13. A method for identifying a patient with cancer as eligible to receive anti-Endothelin-1 therapy comprising: (a) providing a tumor sample from a cancer patient; (b) determining expression levels of at least one of PAI-1, uPA, TGFbeta2, IL-6, IL-8 and OPG by immunohistochemistry; (c) classifying the expression level relative to normal tissue level of PAI-1, uPA, TGFbeta2, IL-6, IL-8 and OPG; and (d) identifying the cancer patient as eligible for anti-Endothelin-1 therapy where the cancer patient's tumor sample is classified as having elevated levels of at least one of PAI-1, uPA, TGFbeta2, IL-6, IL-8 and OPG.

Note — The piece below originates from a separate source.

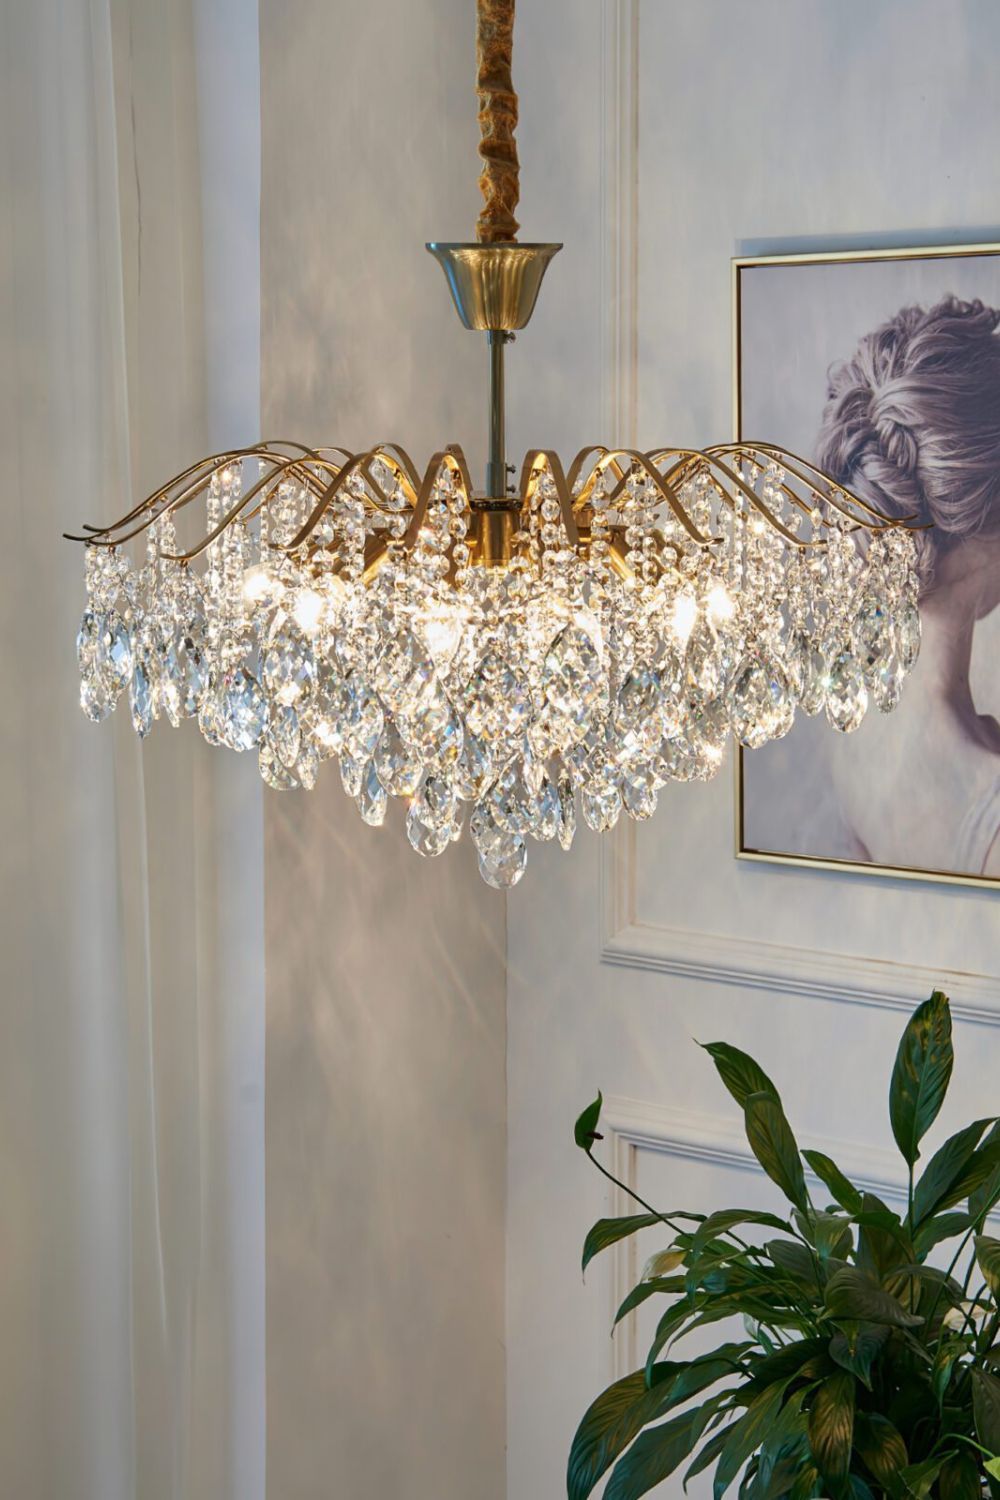 Chandelier For The Bedroom : Enhance Your Bedroom Decor With a Stunning Chandelier

14. The method of claim 13 wherein the cancer is selected from the group consisting of prostate carcinoma, melanoma, glioma, and lung carcinoma.

15. The method of claim 13 wherein the expression level of OPG is determined in a patient with prostate cancer.

16. A method for identifying a patient with cancer as eligible to receive anti-Endothelin-1 therapy comprising: (a) providing a tumor sample from a cancer patient; (b) determining expression levels of at least 10 different genes by nucleic acid analysis; (c) classifying the expression level relative to normal tissue level of the at least 10 different genes; and (d) identifying the cancer patient as eligible for anti-Endothelin-1 therapy where the cancer patient's tumor sample is classified as having elevated levels of at least one of the 10 different genes.

17. The method of claim 16 wherein the at least 10 different genes include each of PAI-1, uPA, TGFbeta2, IL-6, IL-8 and OPG.

18. The method of claim 16 wherein the cancer is selected from the group consisting of prostate carcinoma, melanoma, glioma, and lung carcinoma.

19. The method of claim 16 wherein the expression level is determined in a patient with prostate cancer.